Journal of Neurological Sciences (Turkish) 2016 , Vol 33 , Num 3
L-2-Hydroxyglutaric Aciduria: Report of Four Turkish Patients from the Same Family
A. Destina YALCIN1, Pinar TEKTURK2, Zuhal YAPICI2
1Department of Neurology, Umraniye Education and Research Hospital, Istanbul, Turkey
2Department of Neurology, Division of Child Neurology, Istanbul Faculty of Medicine, Istanbul, Turkey

Summary

Background: L-2Hydroxyglutaric aciduria is a rare slow progressive autosomal recessively inherited neurometabolic disease.

Methods: In this study we describe the clinical genetic and magnetic resonance imaging findings of four Turkish patients from the same family.

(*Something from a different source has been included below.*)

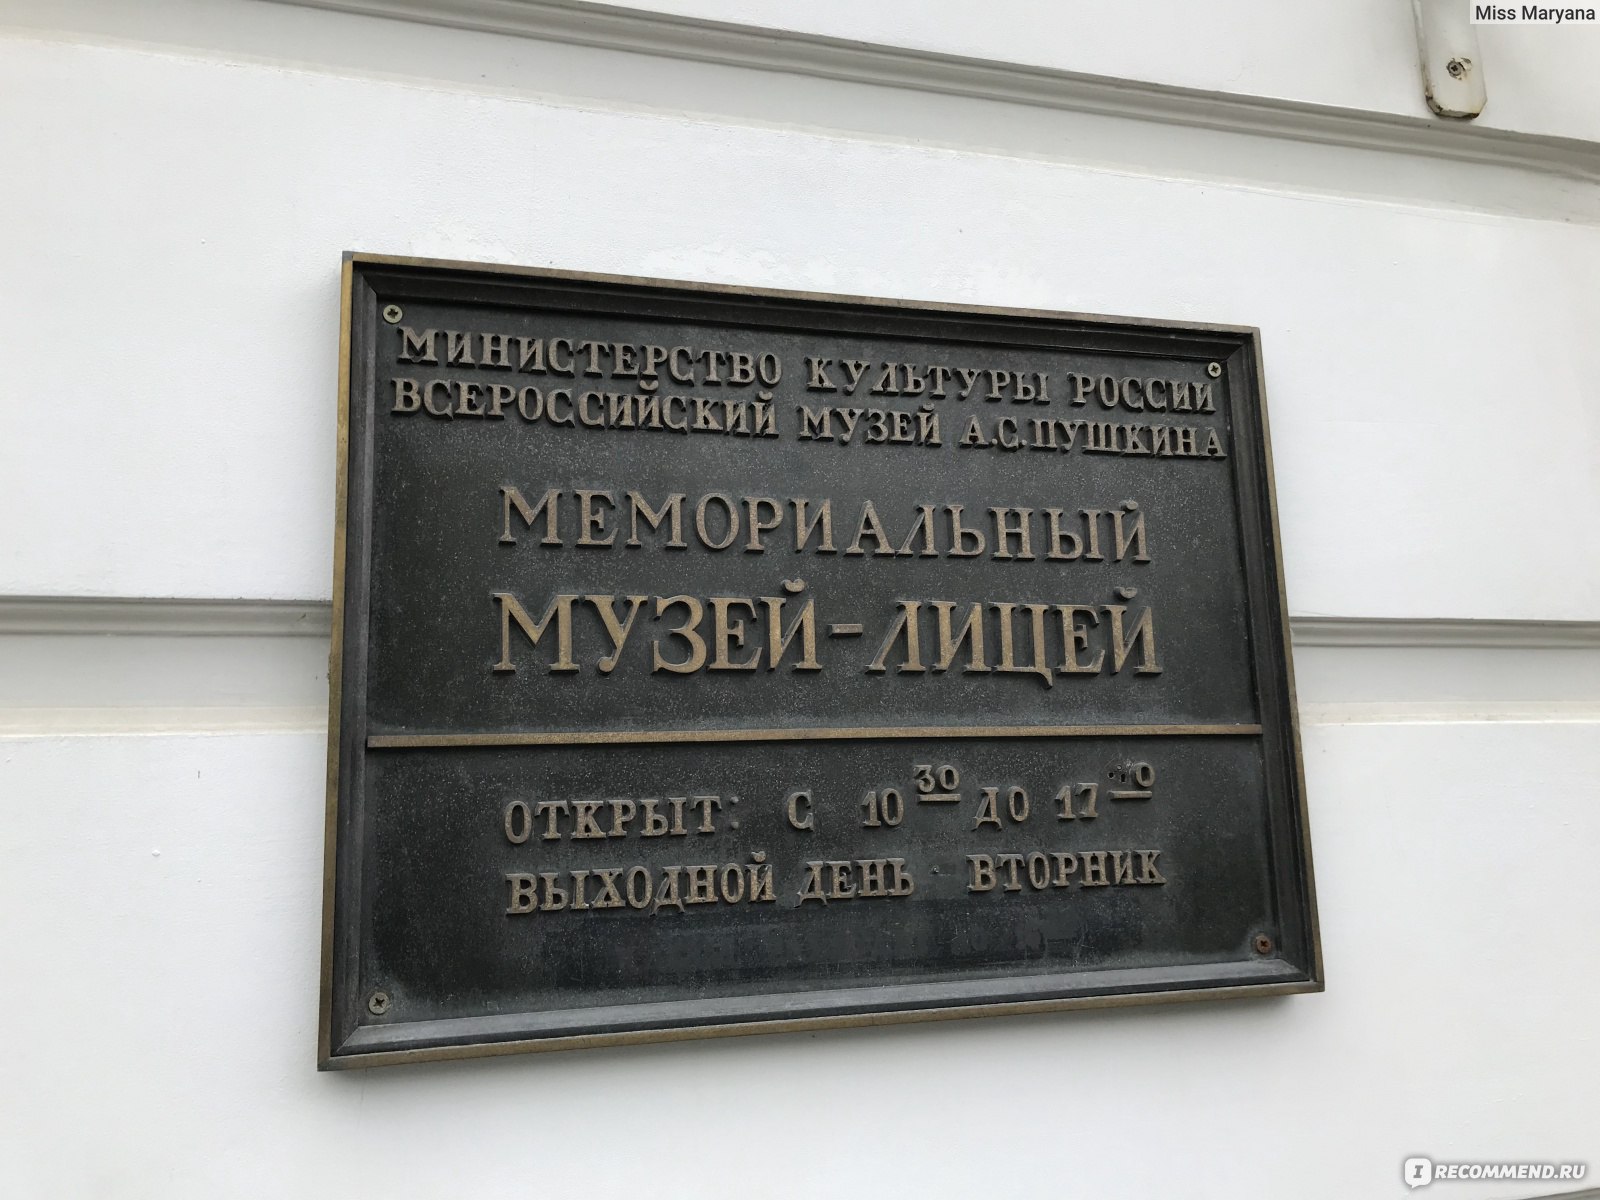 Г. Пушкине: мемориальный музей-лицей

Results: All siblings were mentally retarded, had cerebellar symptoms and gait ataxia.The index patient presented with absences, generalized tonic clonic seizures and repeated nonconvulsive status epilepticus episodes before treatment. Their magnetic resonance images demonstrated subcortical white matter and basal ganglia alterations combined with cerebellar atrophy. In all patients the level of L-2-Hydroxyglutaric acid in urine and cerebrospinal fluid were found to be high which confirmed the diagnosis. One prominent feature regarding the course of the disease in our patients is that their neurological status remained more or less unchanged during the follow-up period lasting 20 years which is the longest described in the literature.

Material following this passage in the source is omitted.